Armco, Inc. v. Hardesty


No. 83-297


Argued April 17, 1984
Decided June 12, 1984
467 U.S. 638

APPEAL FROM THE SUPREME COURT OF APPEALS OF
WEST VIRGINIA

Syllabus

West Virginia imposes a gross receipts tax on businesses selling tangible property at wholesale. Local manufacturers are exempt from the tax, but are subject to a higher manufacturing tax. Appellant is an Ohio corporation that manufactures and sells steel products and conducted business in West Virginia. It challenged the wholesale tax on the ground, inter alia, that the tax discriminated against interstate commerce because of the exemption granted to local manufacturers. Appellee State Tax Commissioner rejected the challenge. The Circuit Court reversed on other grounds, but in turn was reversed by the West Virginia Supreme Court of Appeals.

Held: The wholesale gross receipts tax unconstitutionally discriminates against interstate commerce. Pp. 642-646.

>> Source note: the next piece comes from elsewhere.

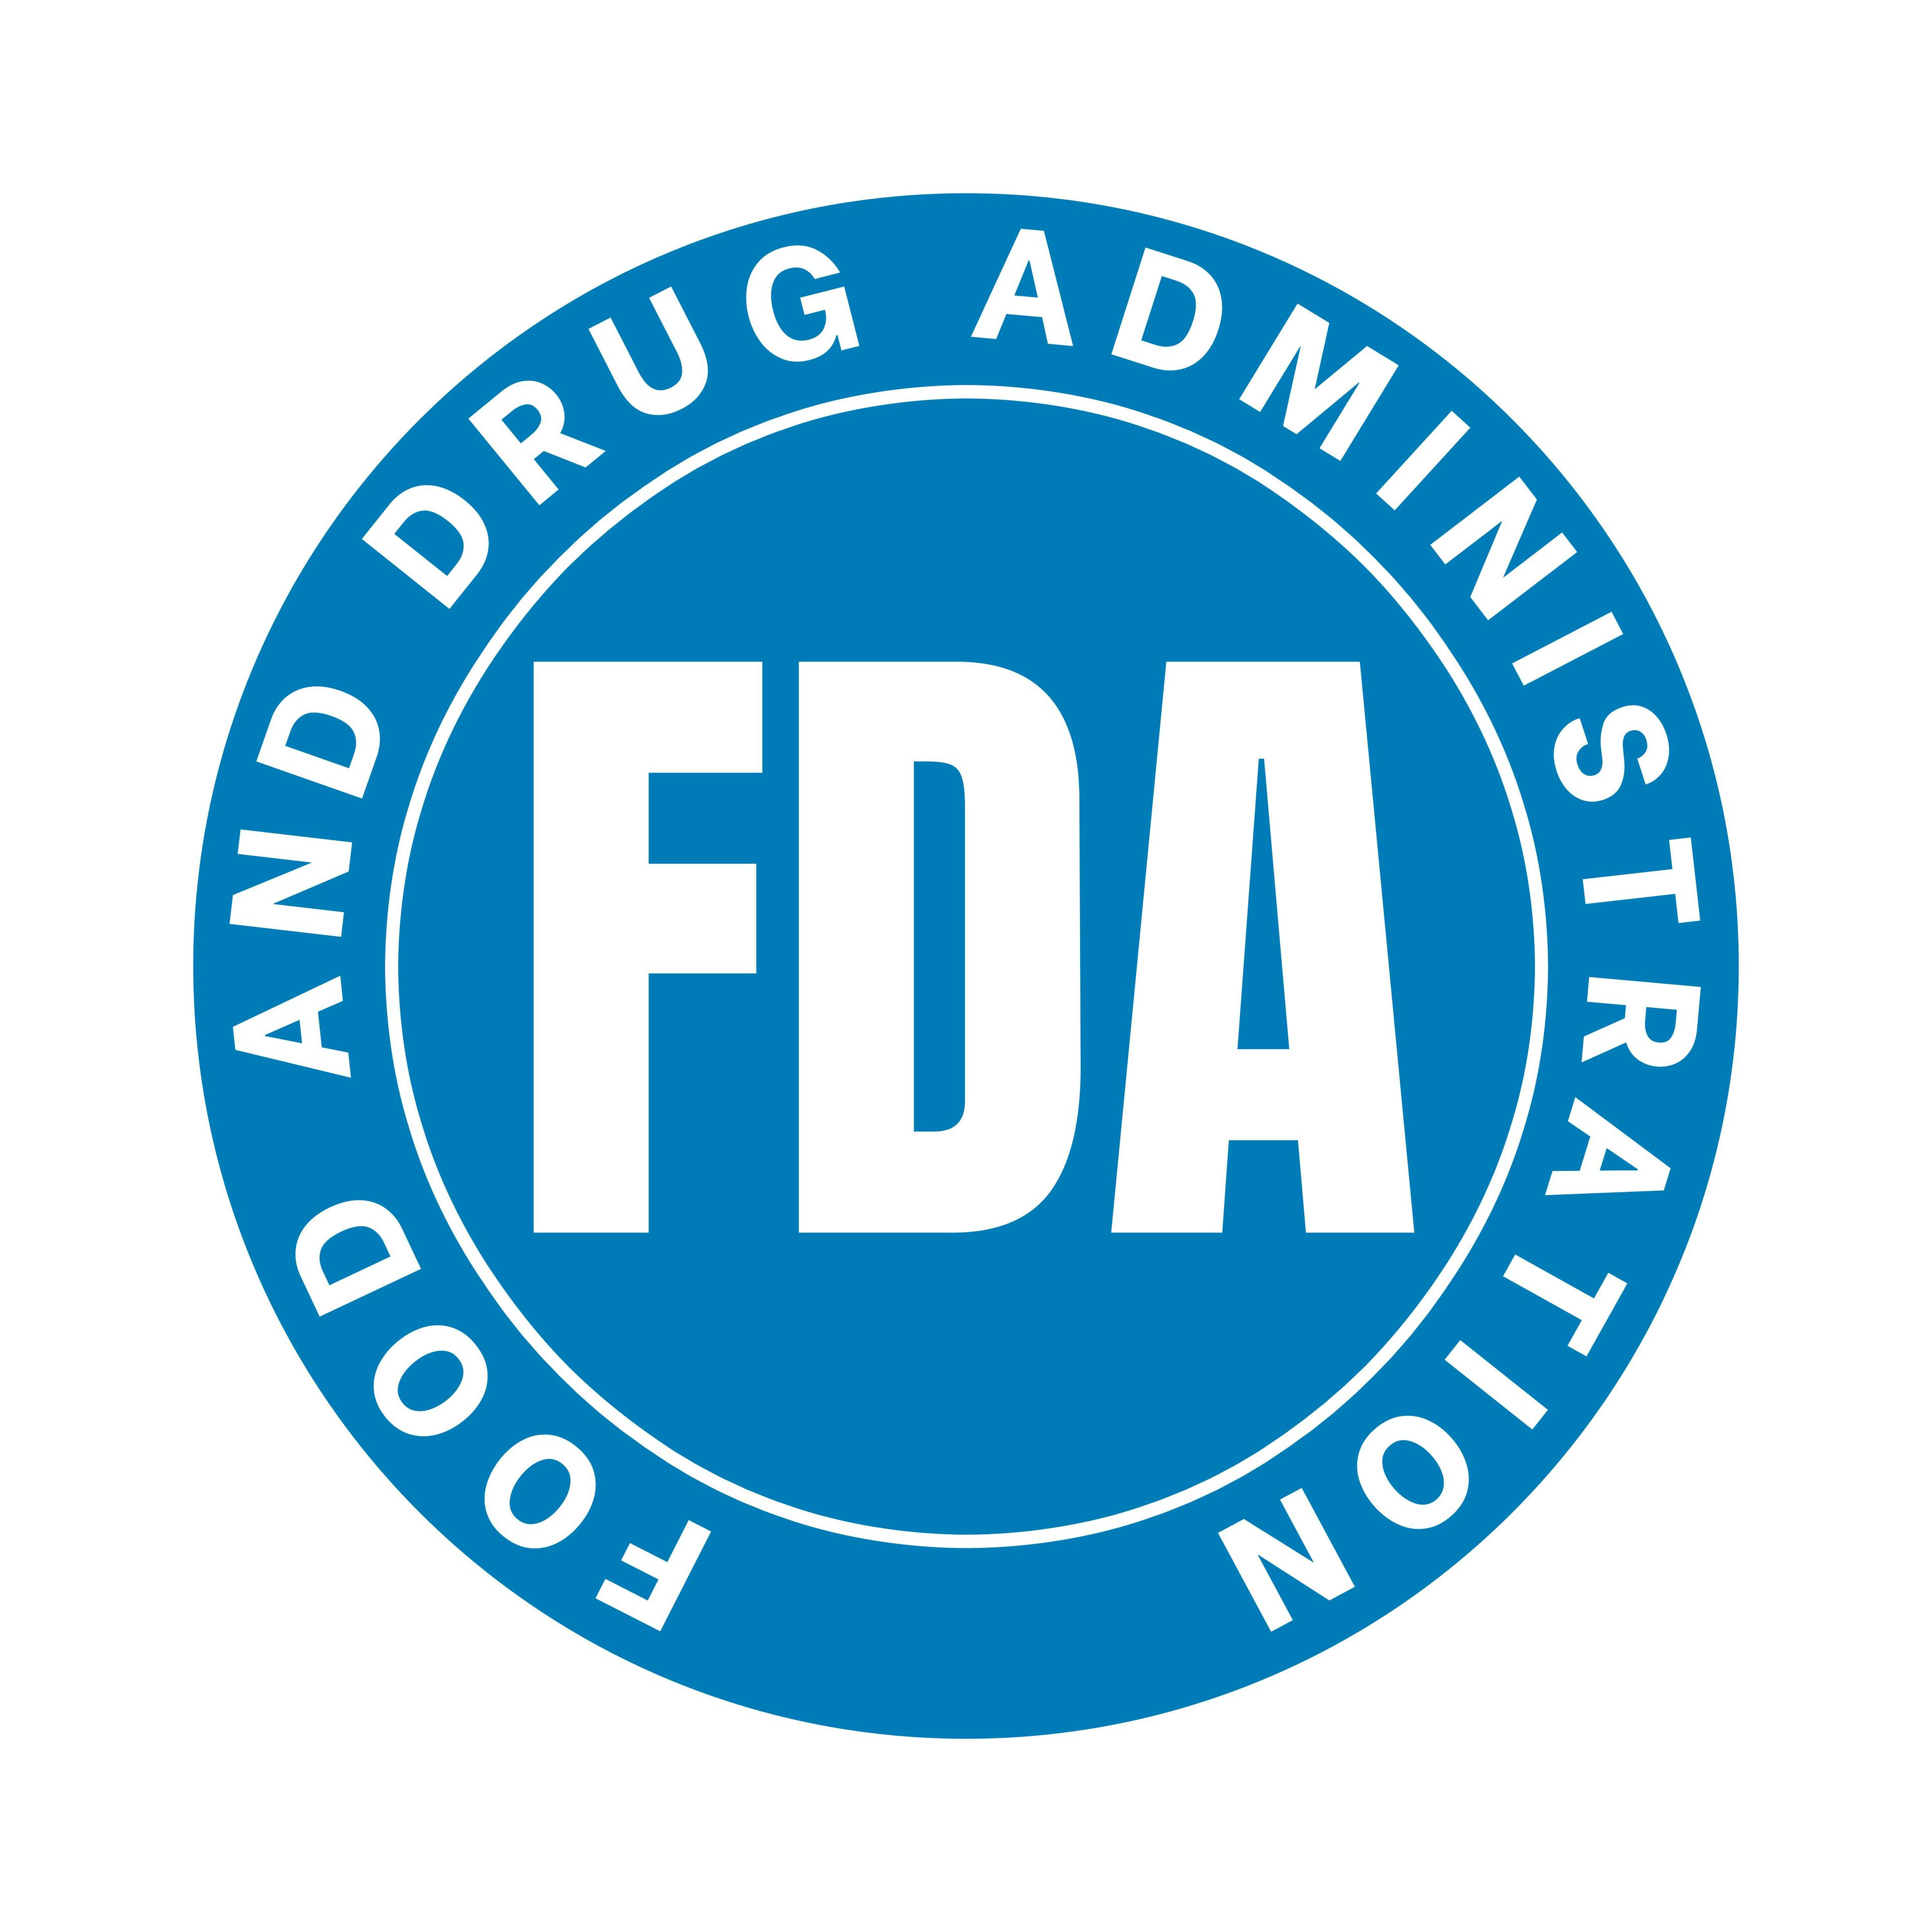 FDA Accepts Citius's Resubmitted BLA for Denileukin Diftitox for the Treatment of Adults with Relapsed or Refractory Cutaneous T-Cell Lymphoma

(a) Under the Commerce Clause, a State may not tax a transaction or incident more heavily when it crosses state lines than when it occurs entirely within the State. On its face, the wholesale tax has just that effect, since whether a wholesaler is subject to the tax depends upon whether it conducts manufacturing in the State or out of it. P. 642.

(b) The wholesale tax cannot be deemed a "compensating tax." Manufacturing and wholesaling are not "substantially equivalent events" such that the higher manufacturing tax can be said to compensate for the lighter burden placed on wholesalers from out of State by the wholesale tax. Pp. 642-643.

(c) Moreover, when the two taxes are considered together, discrimination against interstate commerce persists, since, if Ohio or any other State imposes a like tax on its manufacturers, then appellant and others from out of State will pay both a manufacturing tax and a wholesale tax, while West Virginia sellers will pay only the manufacturing tax. Appellant need not prove actual discriminatory impact on it by pointing to a State that imposes a manufacturing tax that results in a total burden higher than that imposed on in-state manufacturers. Any other rule would mean that the constitutionality of West Virginia’s tax laws would depend on the shifting complexities of the 49 other States’ tax laws, and that the validity of the taxes imposed on each taxpayer would depend on the particular other States in which it operated. Cf. Container Corp. of America v. Franchise Tax Board, 463 U.S. 159. Pp. 644-645.

___ W.Va. ___, 303 S.E.2d 706, reversed.

POWELL, J., delivered the opinion of the Court, in which BURGER, C.J., and BRENNAN, WHITE, MARSHALL, BLACKMUN, STEVENS, and O’CONNOR, JJ., joined. REHNQUIST, J., filed a dissenting opinion, post, p. 646.